33 There was, of course, no legal obligation on the first respondent to produce reasons for its decision. The applicant's complaint assumes that such reasons were produced. It is just as likely, so far as I can see, that they were not. It is true that paragraphs 101 and 107 of its defence have the first respondent positively asserting that the approvals were issued with a specified legitimate object. It follows, so Ms Morgan submitted for the applicant, that it must have had at least those reasons.

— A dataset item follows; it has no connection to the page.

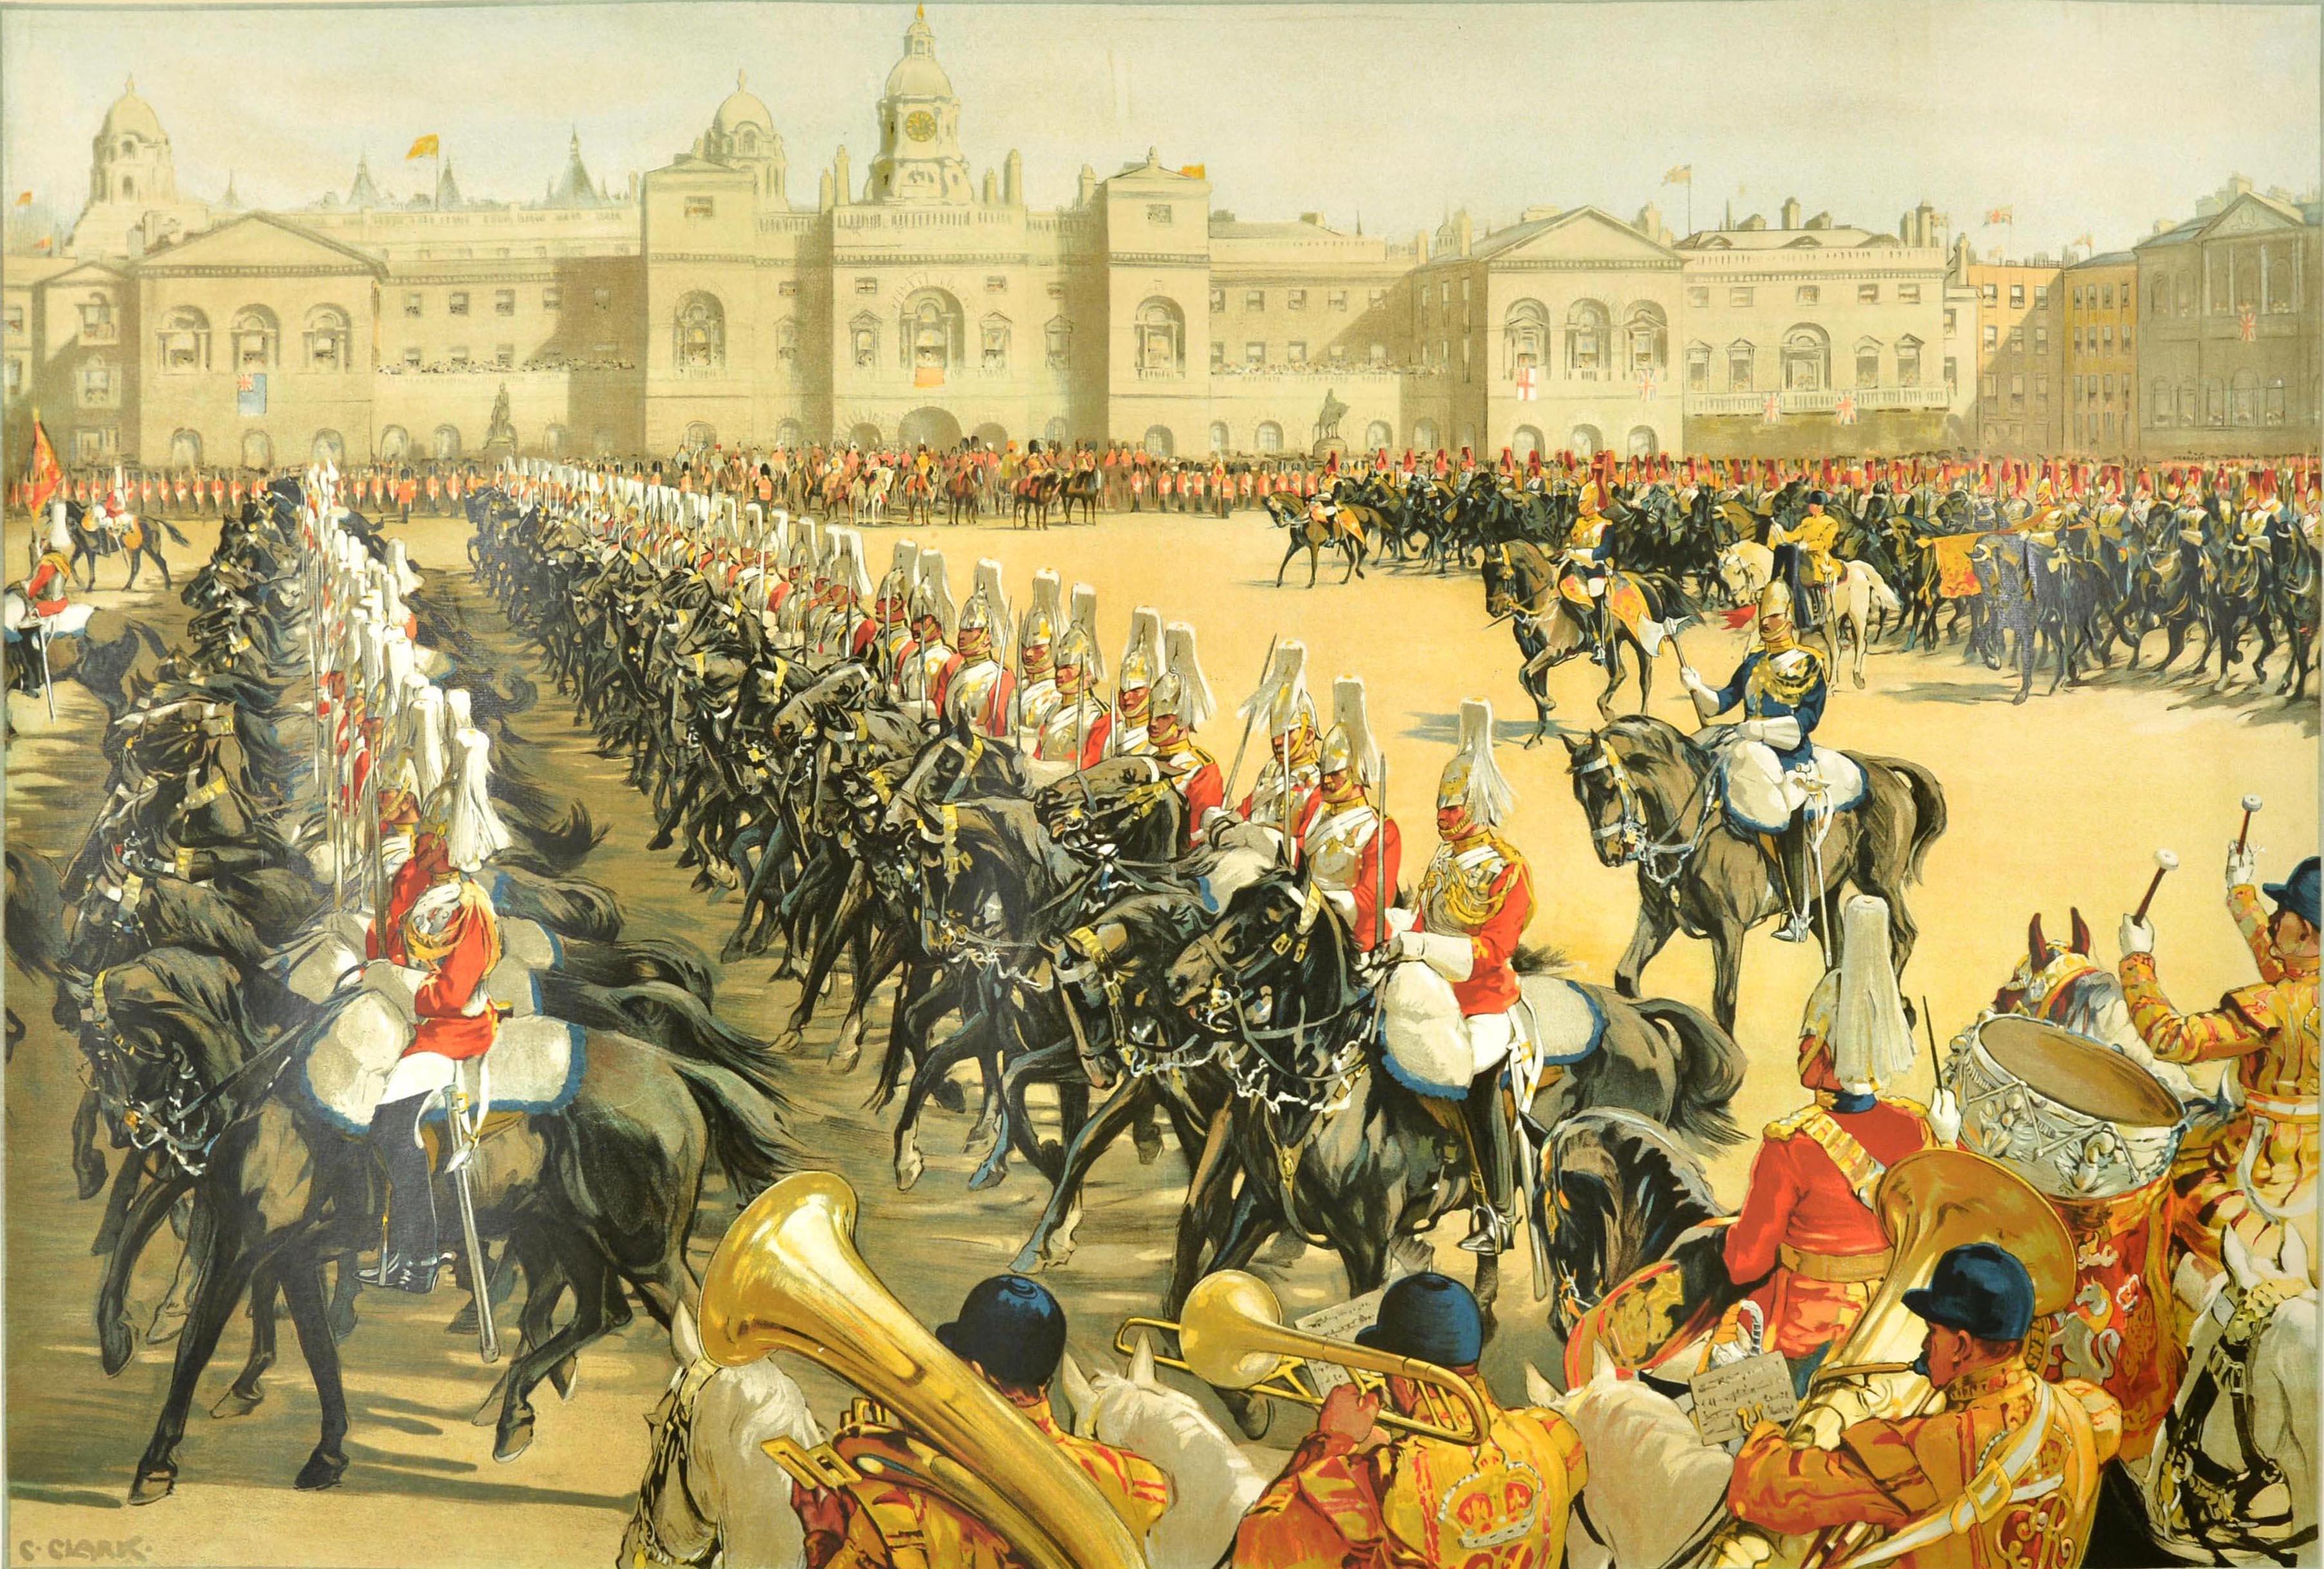 Original vintage poster issued by LMS London Midland Scottish railway featuring artwork by the painter and poster artist Christopher Clark (1875-1942) with the title - London by LMS Trooping the Colour Whitehall - below the ceremonial scene

34 Another way of looking at it, however, I think, is that there is simply no documentary basis for those paragraphs. I do not think, in that circumstance, that there is any particular reason why I should infer that documents revealing the first respondent's reasons are being held back. Rather, I would infer that such documents simply do not exist. I would deal with the alleged undiscovered documents in the same way. Clearly, decisions were made to issue approvals to the applicant and the TAB on 15 August 2008.
35 The absence of discovered reasons leads only to the inference that no reasons were produced. That proposition may ultimately not be one which is unfavourable to the applicant.
Conclusion
36 In light of those remarks I order the first respondent to file and serve an affidavit, within seven days, deposing to the steps taken to discover the emails from or to Mr V'Landys in the period 1 July 2004 to 31 December 2007. I order the second respondent to file and serve an affidavit, within seven days, deposing to the steps taken to discover the emails from or to Mr Pool. The first respondent is to give discovery of section 3.3 of the board papers for 19 March 2007.
37 I dismiss the motion of 22 September 2009. Costs are to be costs in the cause.
I certify that the preceding thirty-seven (37) numbered paragraphs are a true copy of the Reasons for Judgment herein of the Honourable Justice Perram J.